A complaint unsealed in Manhattan federal court said the donation-based organization generated over $20 million in revenue for a decade while promising that its classes featured no-ego and no glorified teachers because “yoga is for everyone.”
The organization started in the East Village of Manhattan in 2006 before becoming “extremely popular” and spreading elsewhere, with about 20 yoga studios in San Francisco, Berkeley and Oakland in California, Tempe, Arizona, Orlando, Florida, and cities in Colorado, Washington State, Spain and Israel, the complaint said.

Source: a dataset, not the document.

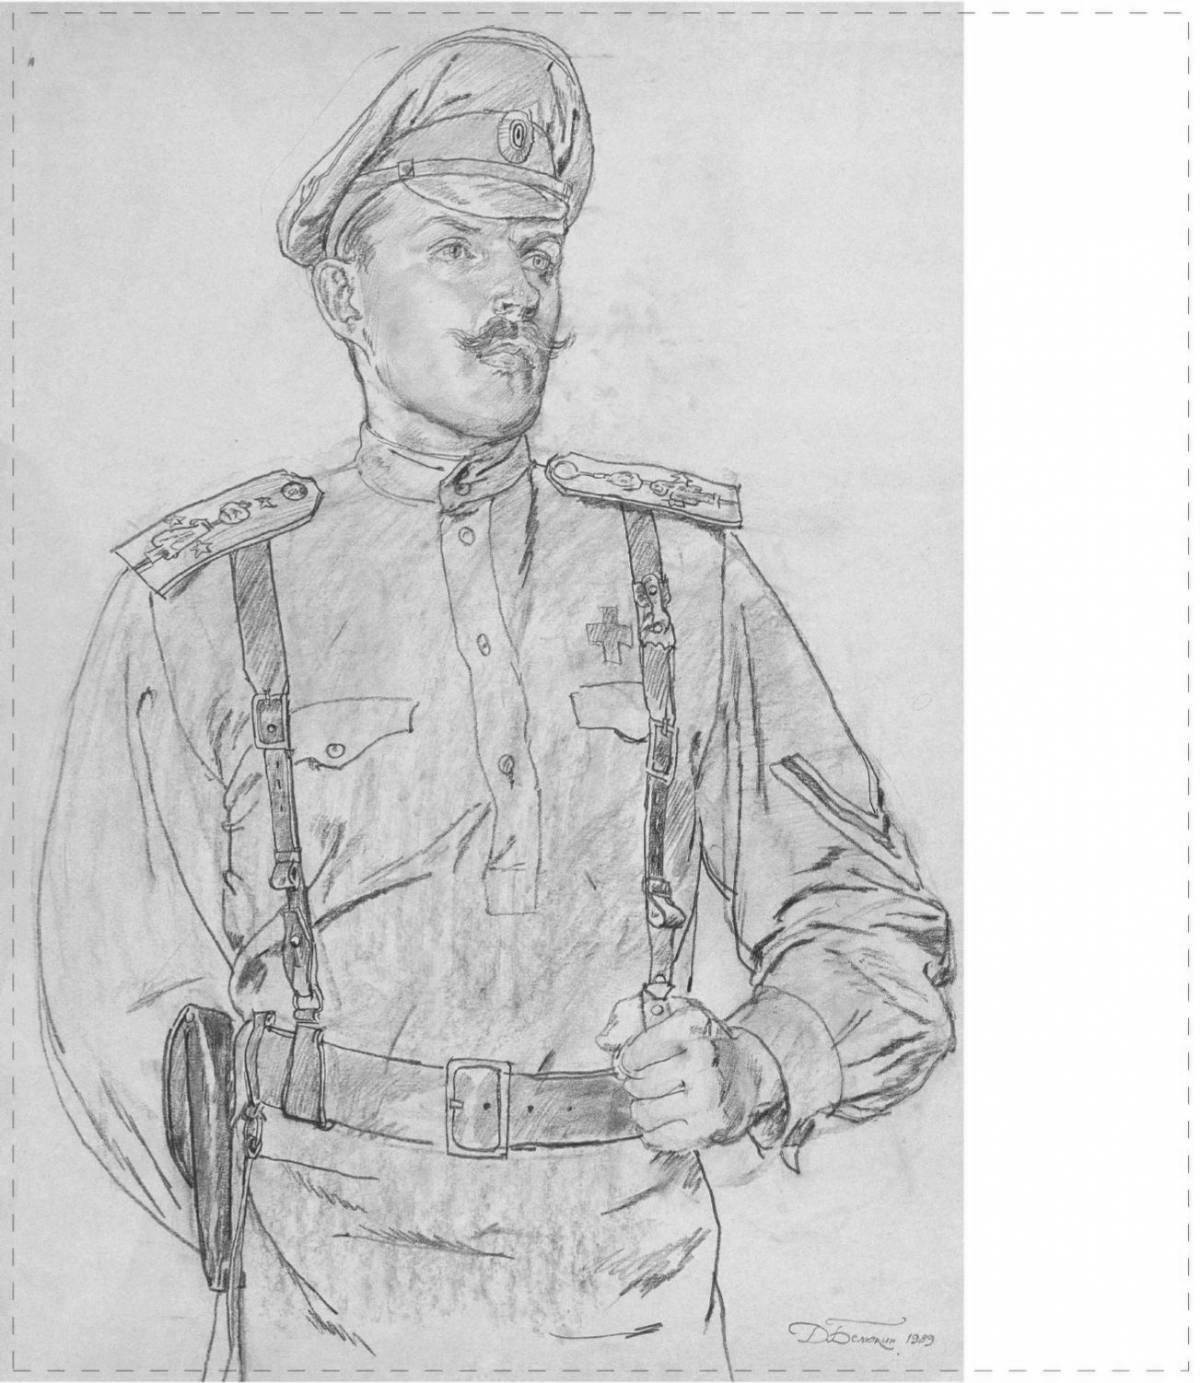 Gorgeous military portrait coloring page

Arrested on charges of tax evasion and conspiracy to defraud the Internal Revenue Service were Gregory Gumucio, 61, and Haven Soliman, 33, both of Cathlamet, Washington, along with Michael Anderson, 51, of Bellevue, Washington. It wasn’t immediately clear who would represent them at a court appearance in Washington State. The complaint said Soliman had described herself as Gumucio’s husband in a draft of a 2012 email, but it added that no marriage certificate has been located, though they “are long-term romantic partners.”
Authorities described Gumucio as the founder, principal owner and functional chief executive officer of the organization while Anderson served as a chief financial officer and Soliman was its chief communications officer and director of its Teacher Training Program, which earned substantial income from aspiring yoga teachers.
They said all three claimed their annual incomes were six figures in loan or rental applications from 2013 to 2020, when they filed no individual tax returns.
They said the trio enjoyed extravagant lifestyles, including frequent foreign travel, NFL season tickets, horse lodging, along with expensive meals and clothing.
The complaint said the defendants evaded taxes by failing to create a corporate headquarters or keep corporate books and records and by accepting yoga students’ payments in cash, sometimes collected in tissue boxes passed around during classes, and by paying yoga teachers in cash and “off the books.”